— Ничего поделать не могу, Евлампиюшка, — с горечью признался мальчик. — Я знаю-то язык плохо, придумал вот рифмы — лямур, тужур, бонжур, да очень глупо выходит! Я не то совсем сказать хочу!

— Лямур, тужур, бонжур! — тут же подхватил Мефоша, большой любитель французского языка, подтанцовывая на жердочке и почесывая лапой свое роскошное жабо. — Лямур, тужур…

— Ты еще дразнишься! — Борисушка погрозил попугаю кулаком. — Я тебе перья-то выщиплю!

Мефоша в ответ матерно выругался и повернулся к Борису задом, выражая полное презрение к стихотворцу-неудачнику. Евлампия не замедлила вмешаться, опасаясь как за перья попугая, так и за целость глаз и пальцев Бориса, в том случае если ему вздумается сразиться с большой и сильной птицей.

— Ну, ну, не злись, — пригладила она непослушные Борисушкины волосы, изрядно запачканные чернилами. — Почему бы не сочинить стишок на родном языке, если уж ты не силен во французском?

— По-русски всякий сможет! — отмахнулся он. — Что я, кучер?!

— А вот и не всякий! — возразила нянька. — Попробуй-ка! Сумеешь ли еще? — подзадоривала она мальчика, и тот простодушно попался на ее уловку.
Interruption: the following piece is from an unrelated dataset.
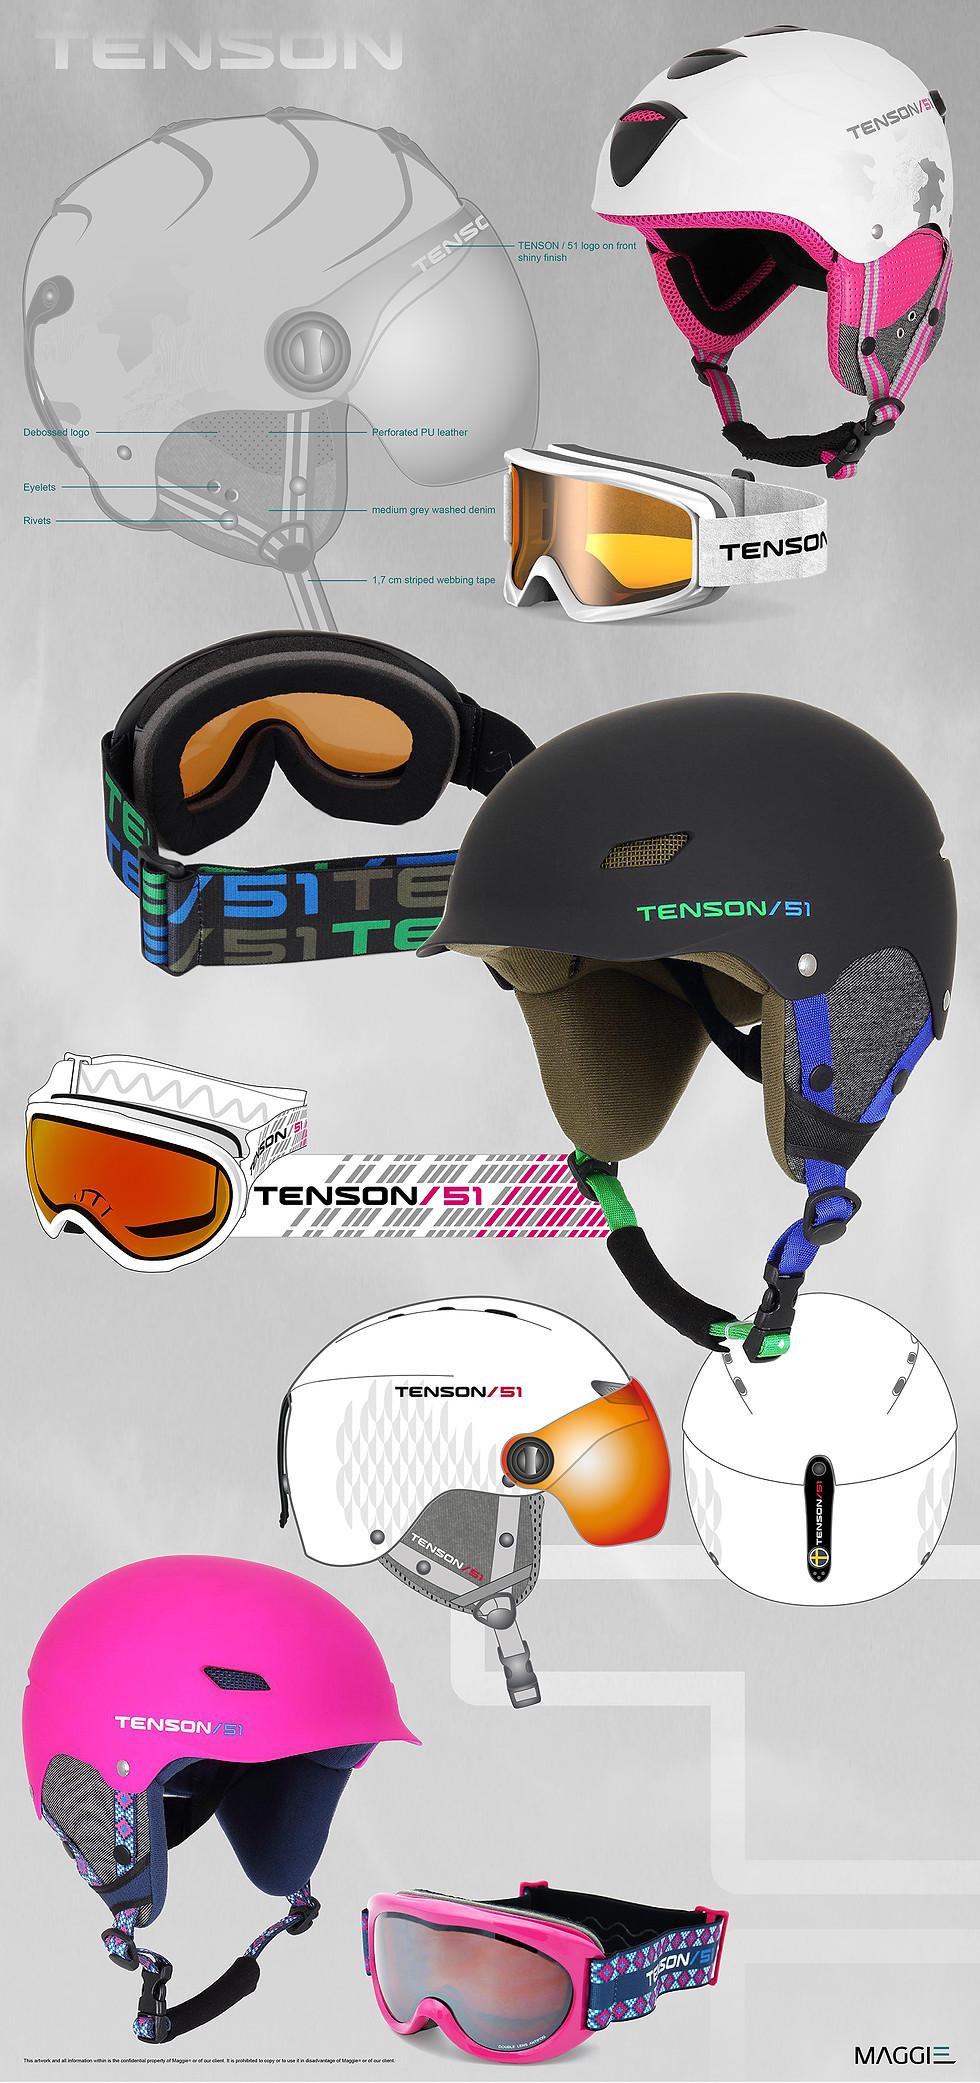 Tenson2018-helmets-s.jpg

— Выйди-ка на полчаса! — не на шутку завелся Борис. — Я сочиню тебе не хуже самого… Хераскова!

Евлампия с улыбкой наблюдала через занавеску, как Борис бегает из угла в угол, яростно ероша шевелюру, словно надеясь вырвать из нее вместе с волосами искомые рифмы, а потом опрометью бежит к столу, макает перо в чернильницу и что-то быстро пишет.

Ровно через полчаса стих был готов и с трепетом вручен няньке.
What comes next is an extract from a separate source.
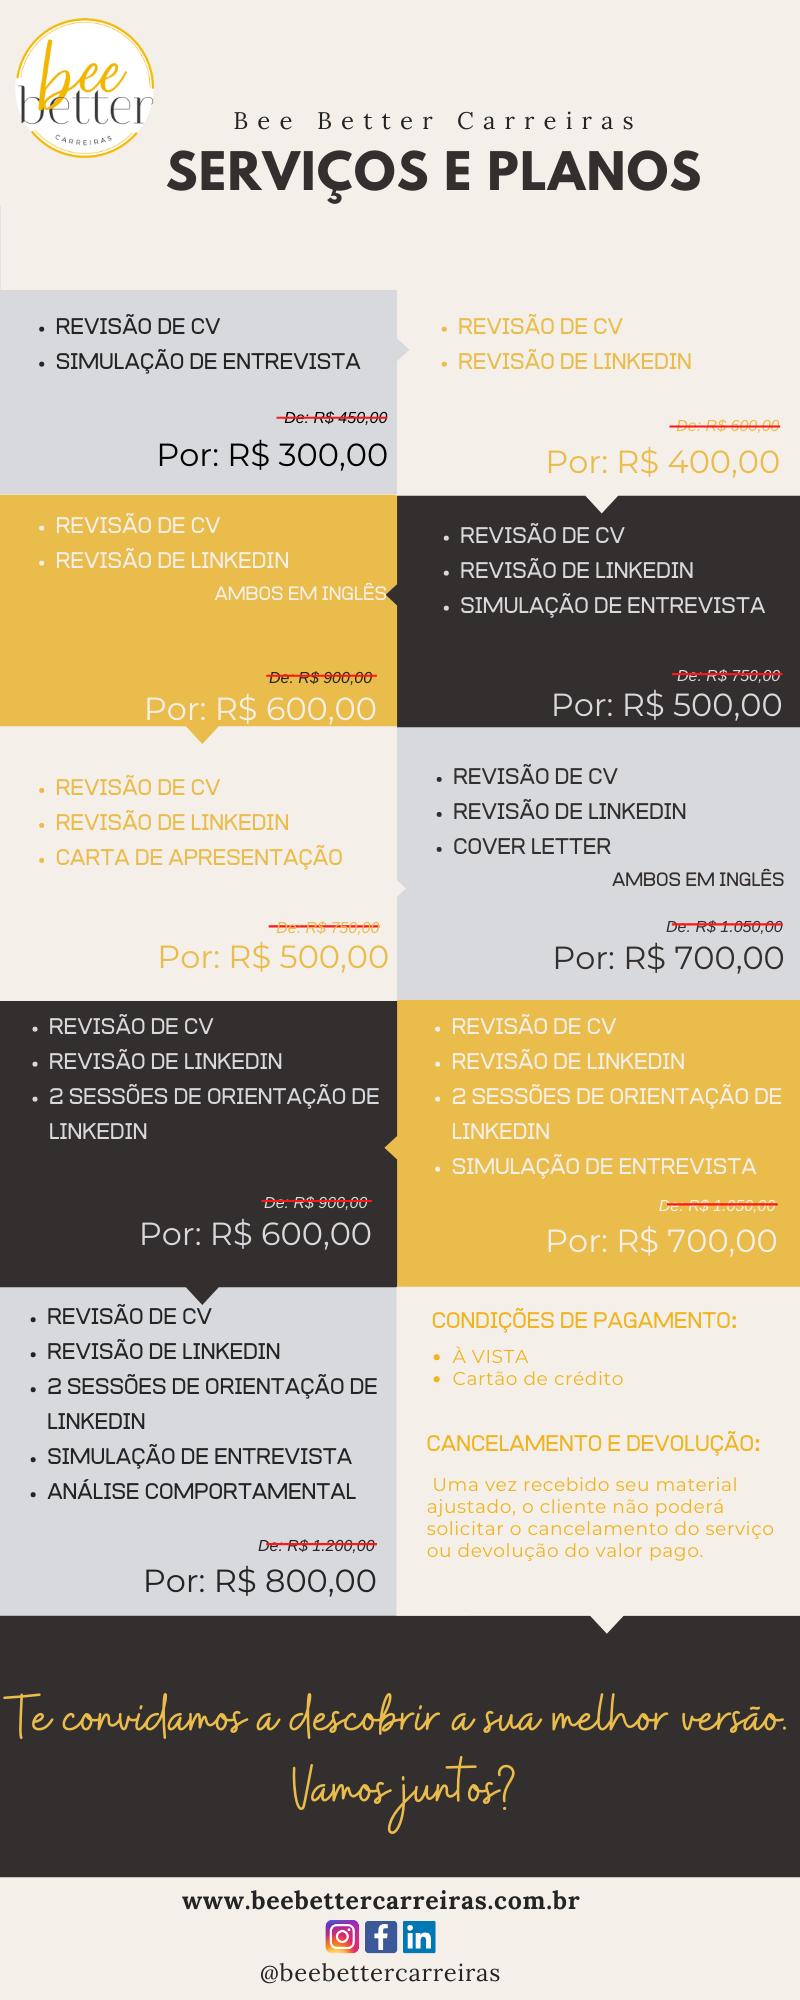 Bee_Better_Carreiras_-_Serviços_e_Plano

Я веер ваш сломал, и в этом вам винюсь,
Неуж нельзя простить? В котором то законе?
Я вашей красоте покорно поклонюсь,
А не простите вы — так и умру в поклоне!

— Что ж, стиль высокий, и настоящие чувства видны, — одобрительно кивнула шутиха. — Это ты, верно, написал той самой девочке, у которой сломал веер? — догадалась она.

Борис покрылся стыдливым румянцем и опустил голову.

— Ну теперь-то она тебя непременно простит, — с уверенностью заявила Евлампия.

— Нет, — покачал головой мальчуган, — это что! Вот если бы по-французски…

В тот же день Евлампия попросила сеньора кондитера изготовить особого рода конфеты и цукаты, которыми не грех лакомиться в пост, заказала под них изящную бонбоньерку, а на коробке велела красиво надписать Борисушкин стишок.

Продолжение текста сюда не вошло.